Andie (Briana Evigan, daughter of actor Greg Evigan) is from the tough streets of Baltimore. She’s growing up without parents, taken in by a friend of her mother. She’s part of the 410 crew, merry dance pranksters given to staging inventive and masked bits of street theater/dance on the subways. They videotape such stunts and post them on the Web.

But Andie needs purpose. She’s given it by Tyler (Channing Tatum of the original “Step Up”). He challenges her to a battle. If she loses, she has to audition for the Maryland School for the Arts.

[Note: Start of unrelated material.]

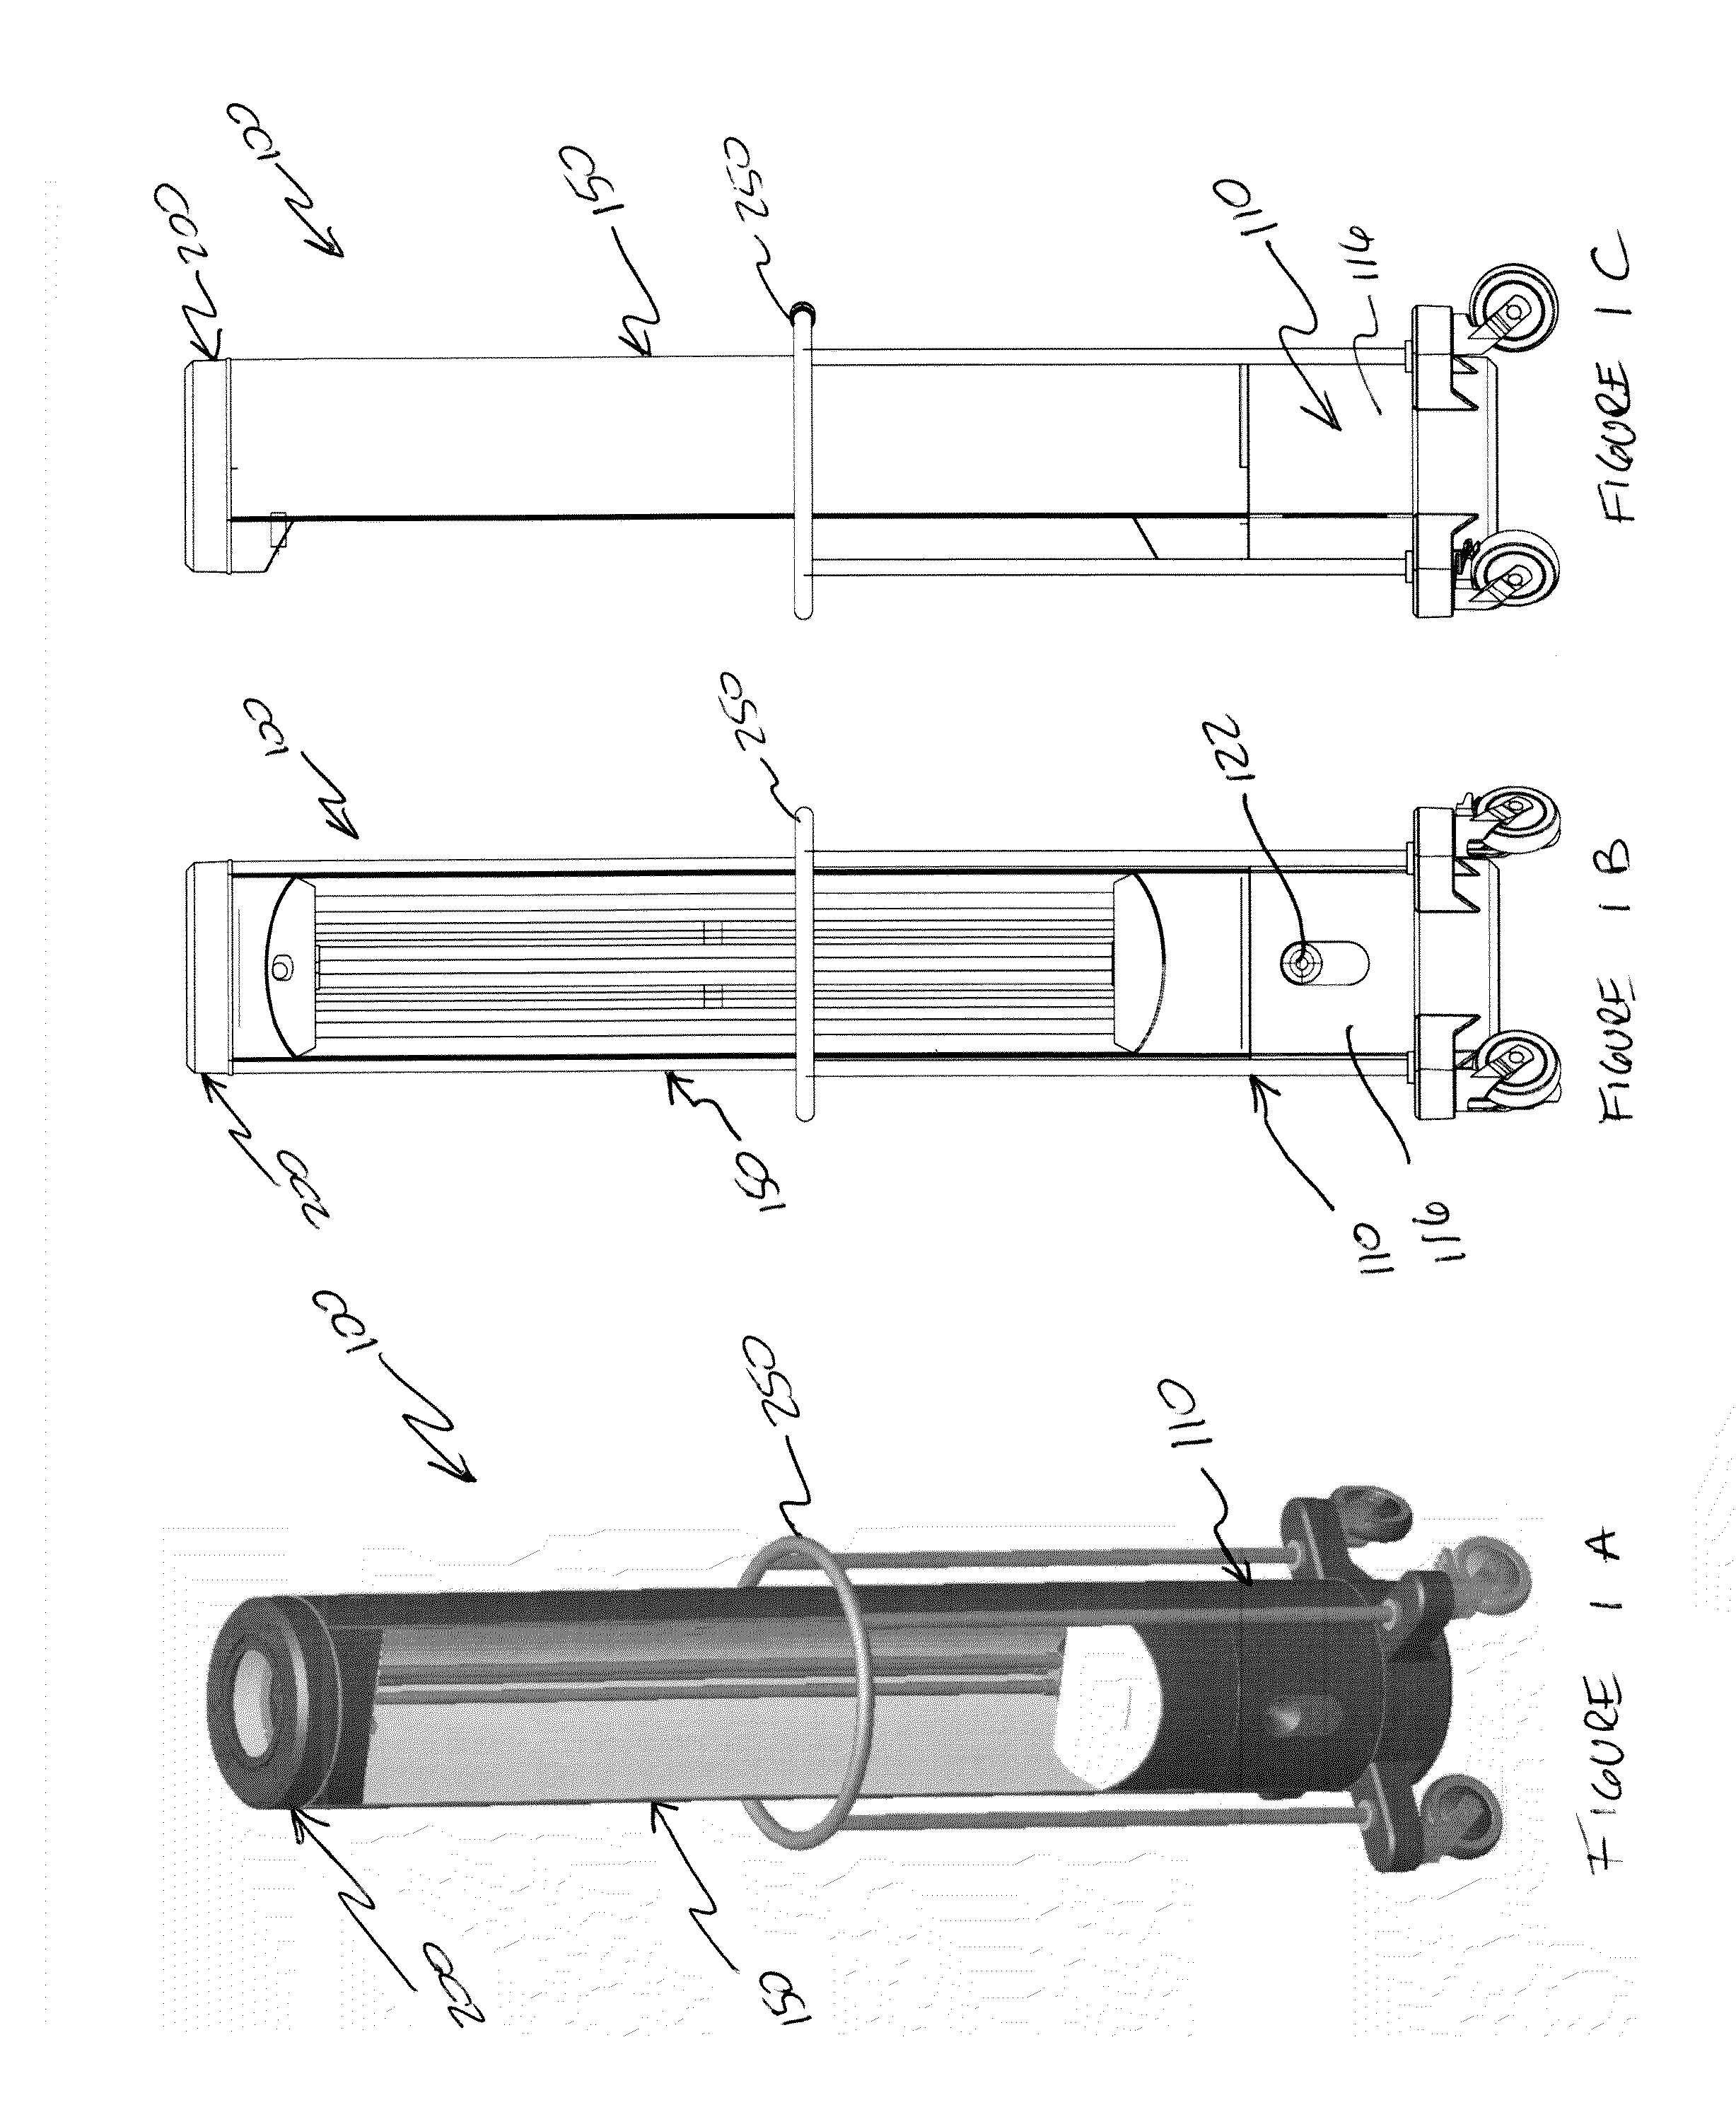 Hard Surface Disinfection System And Method

That’s where Andie meets the handsome Chase (Robert Hoffman). And that’s where she runs afoul of Chase’s by-the-book choreographer-brother, Blake (Will Kemp).

Will Andie find love? Will she fit in? Will her old crew, led by the hotheaded Tuck (Black Thomas), let her move on? And will they all meet and duel in The Street, the annual rave/dance-off that gives bragging rights to the best crew in Baltimore?

Maybe. Definitely.

Evigan is about as “street” as a dog-show poodle, from her perfectly coiffed ‘do to her vast collection of midriff-baring T-shirts and tops. A baseball cap does not a hood rat make. Not a tattoo or piercing to be seen, either.

But the girl can dance. That’s a saving virtue of the film. It’s shot like a dance movie, with grace and just a hint of sex appeal.

The dance has to be good because the rest of the movie is one long cliché, from Andie’s obligatory black girlfriend and Latina girlfriend (cover the bases, Disney) to the collection of stereotypes that she and Chase assemble for their MSA crew — a nerd who channels Michael Jackson moves, a language-mangling Japanese girl stepper, assorted other “misfits.”

But the slang (“Go school them fools”), the perky players and a couple of the dance numbers keep “Step Up 2” on its feet just long enough to work up a sweat. Just don’t expect to recognize the “streets” here. The only traffic these fantasy avenues handle is starlets.